§ **Data provided**:
=== Section Start ===

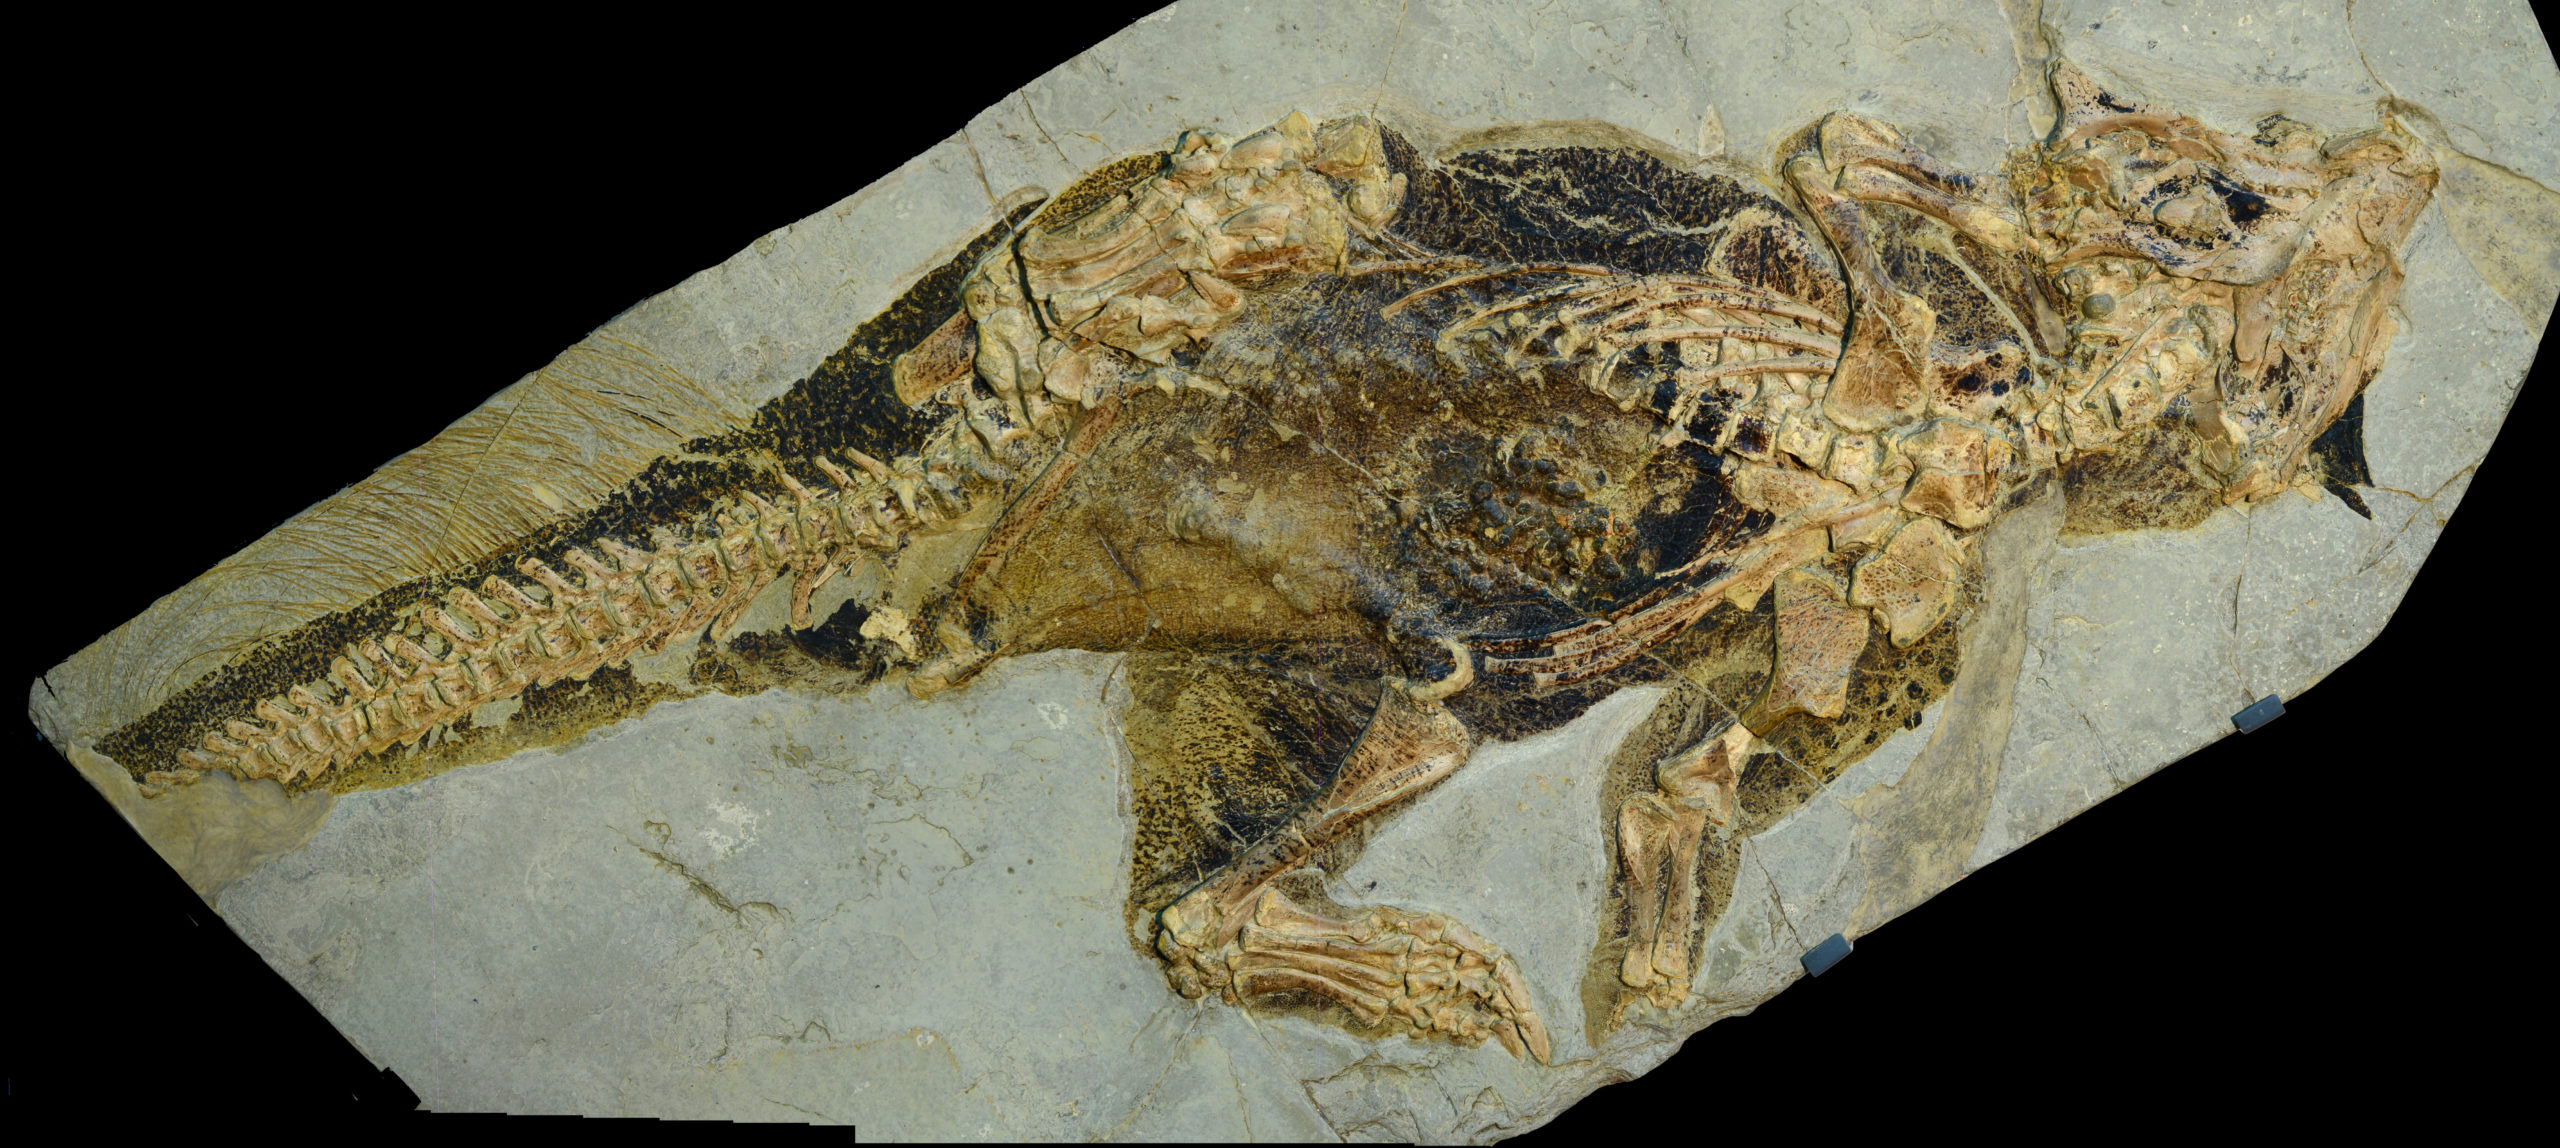 The dinosaur fossil is from China, but it is currently housed in a Frankfurt museum. (Image: Jakob Vinther)
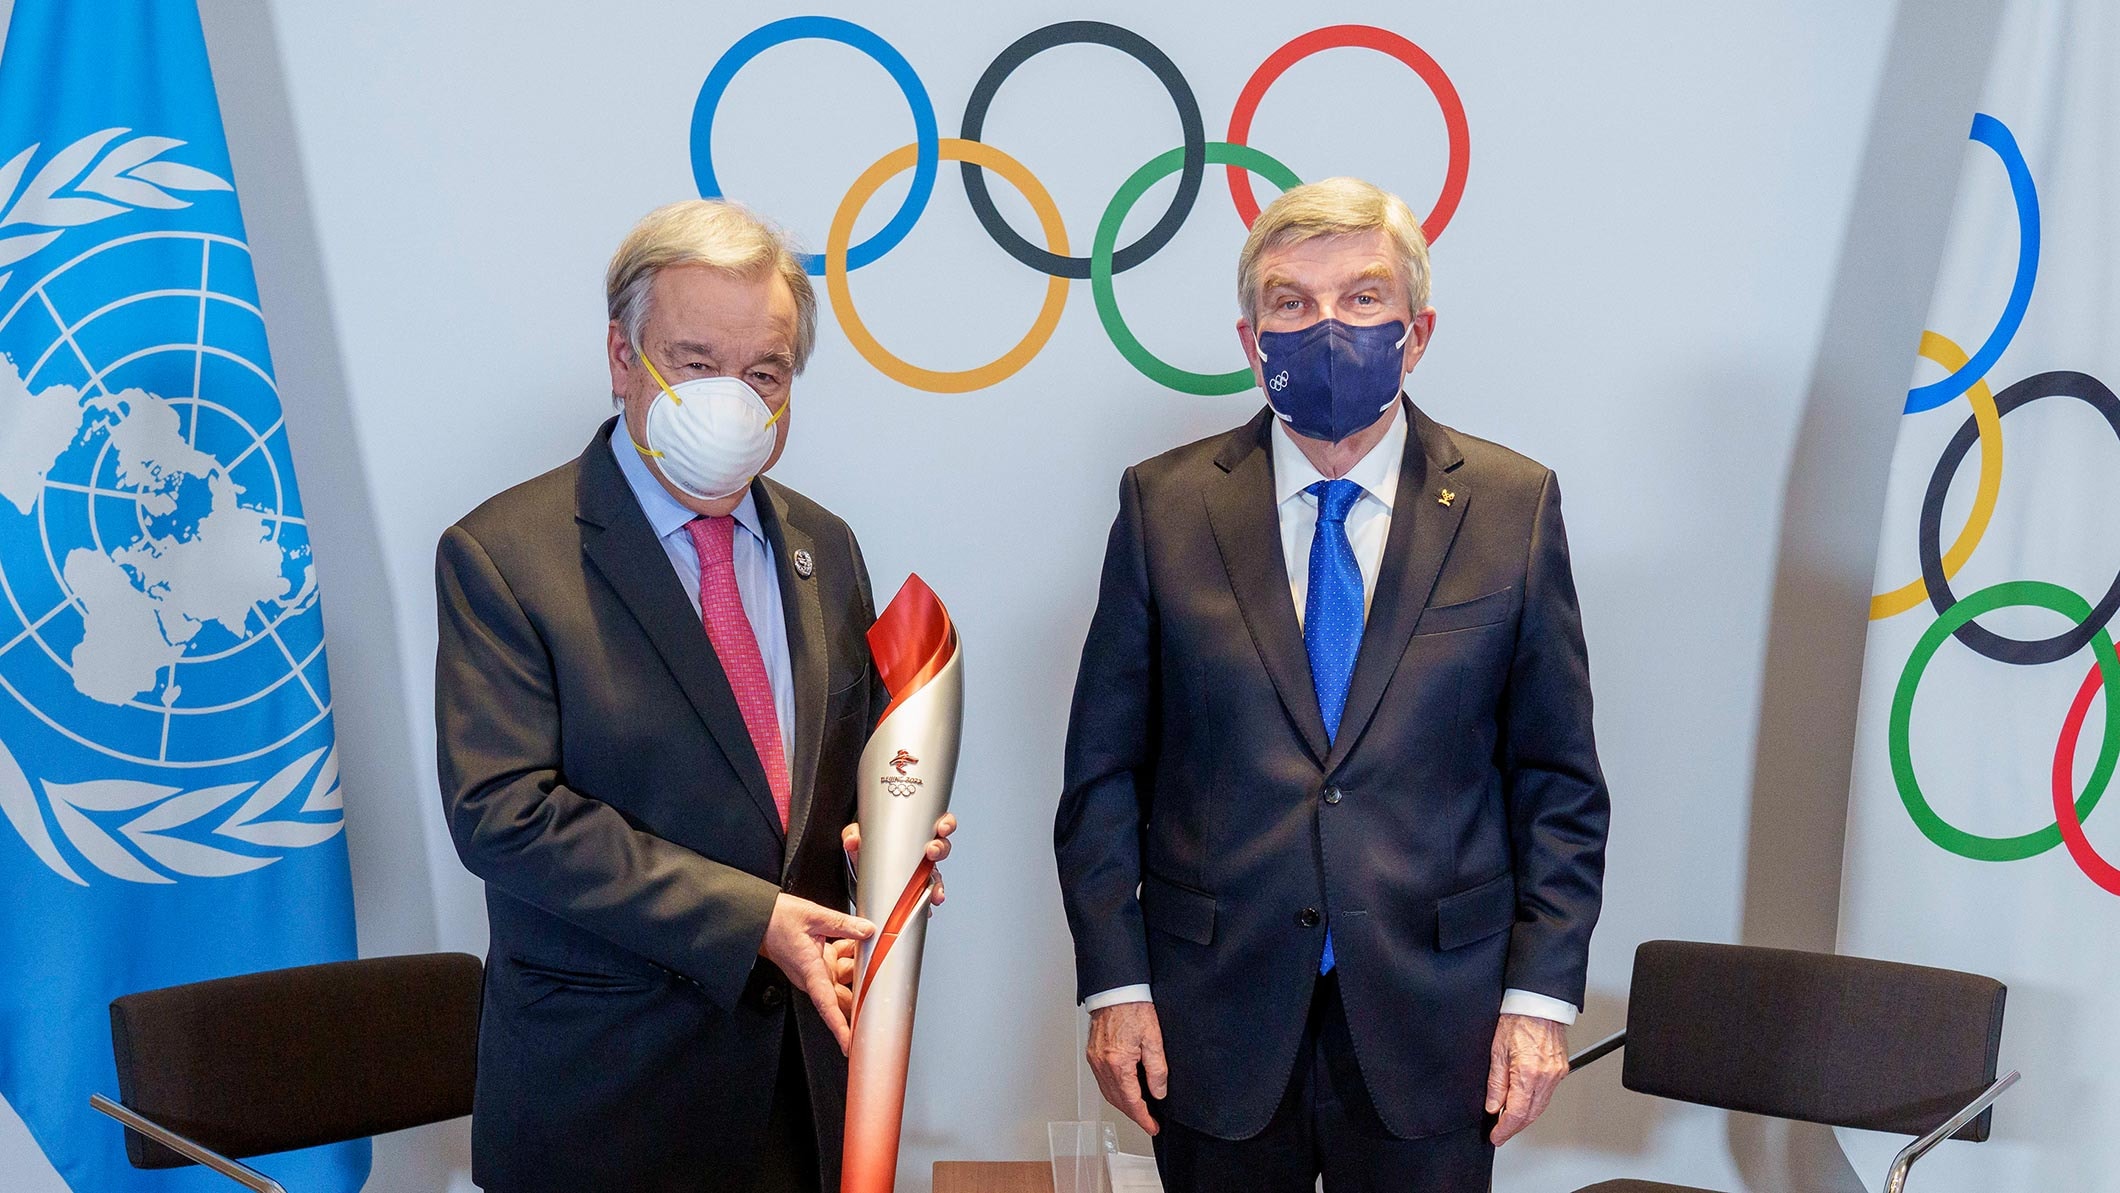 IOC President Thomas Bach and United Nations Secretary-General António Guterres
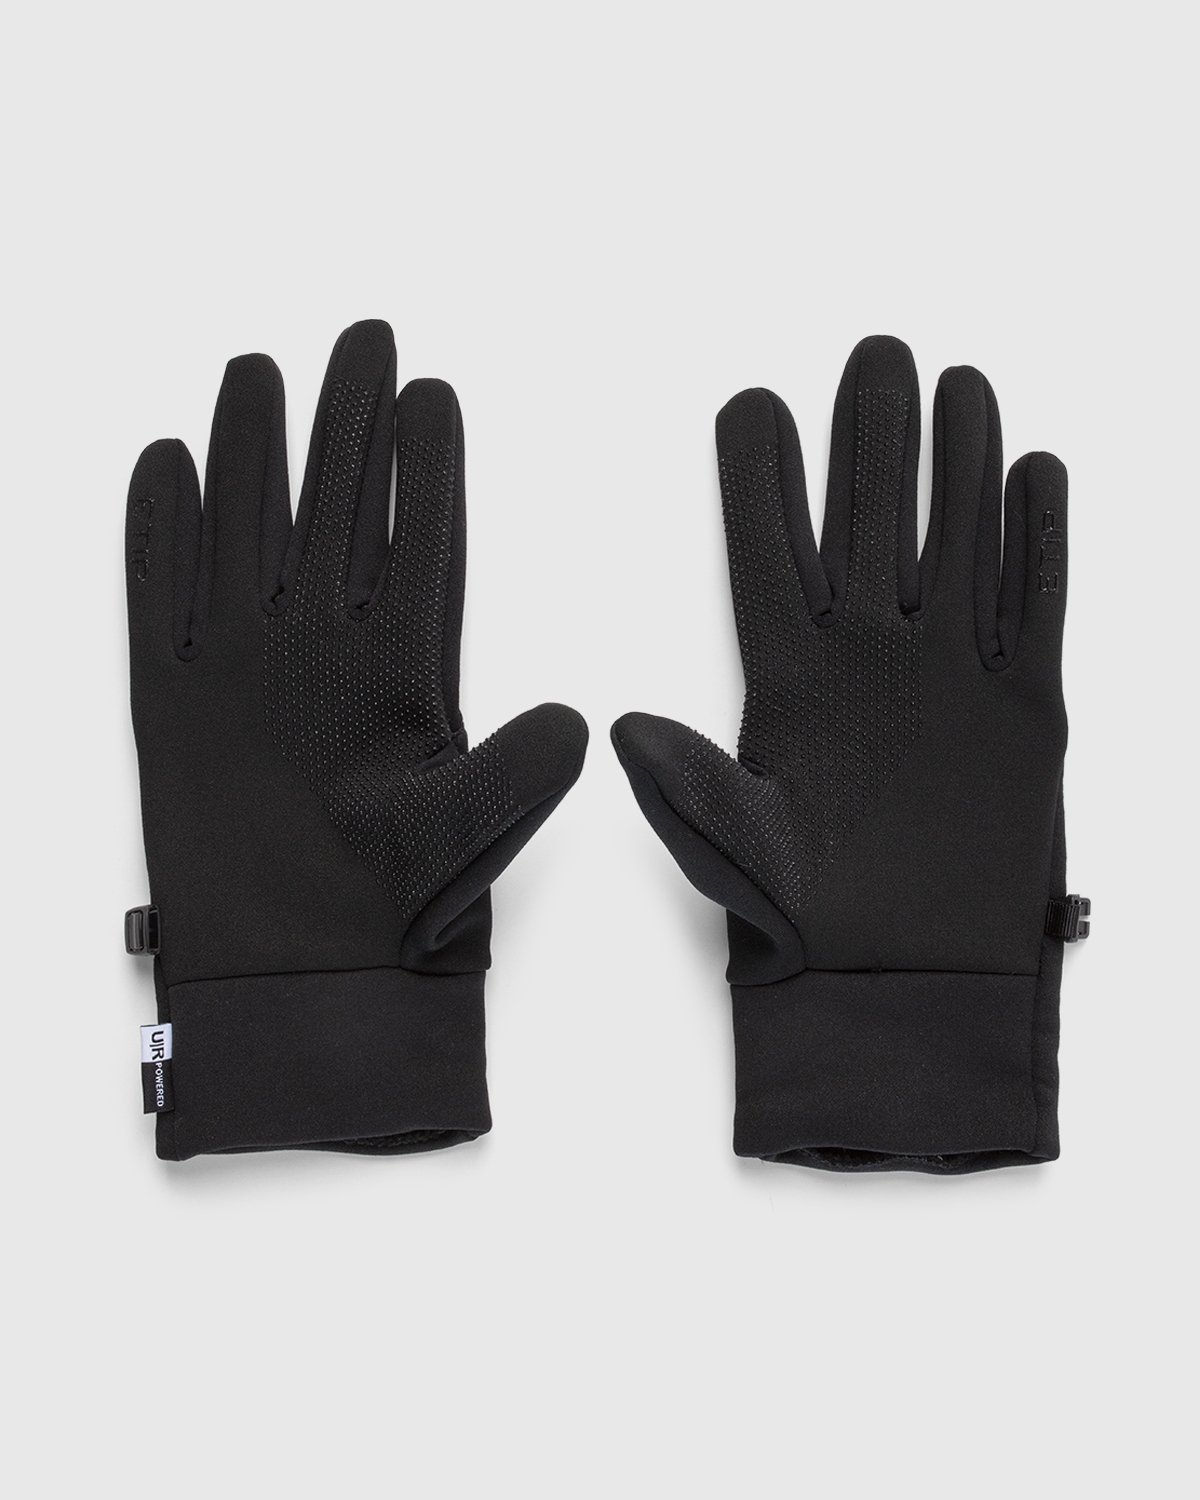 The North Face - Etip Recycled Gloves Black - Accessories - Black - Image 2

=== Section End ===

§ **Goal of the exercise**: When the listing is transcribed, every line must match the original exactly, and the pictures must be left out.

§ **Result below**:
 The dinosaur fossil is from China, but it is currently housed in a Frankfurt museum. (Image: Jakob Vinther)
 IOC President Thomas Bach and United Nations Secretary-General António Guterres
 The North Face - Etip Recycled Gloves Black - Accessories - Black - Image 2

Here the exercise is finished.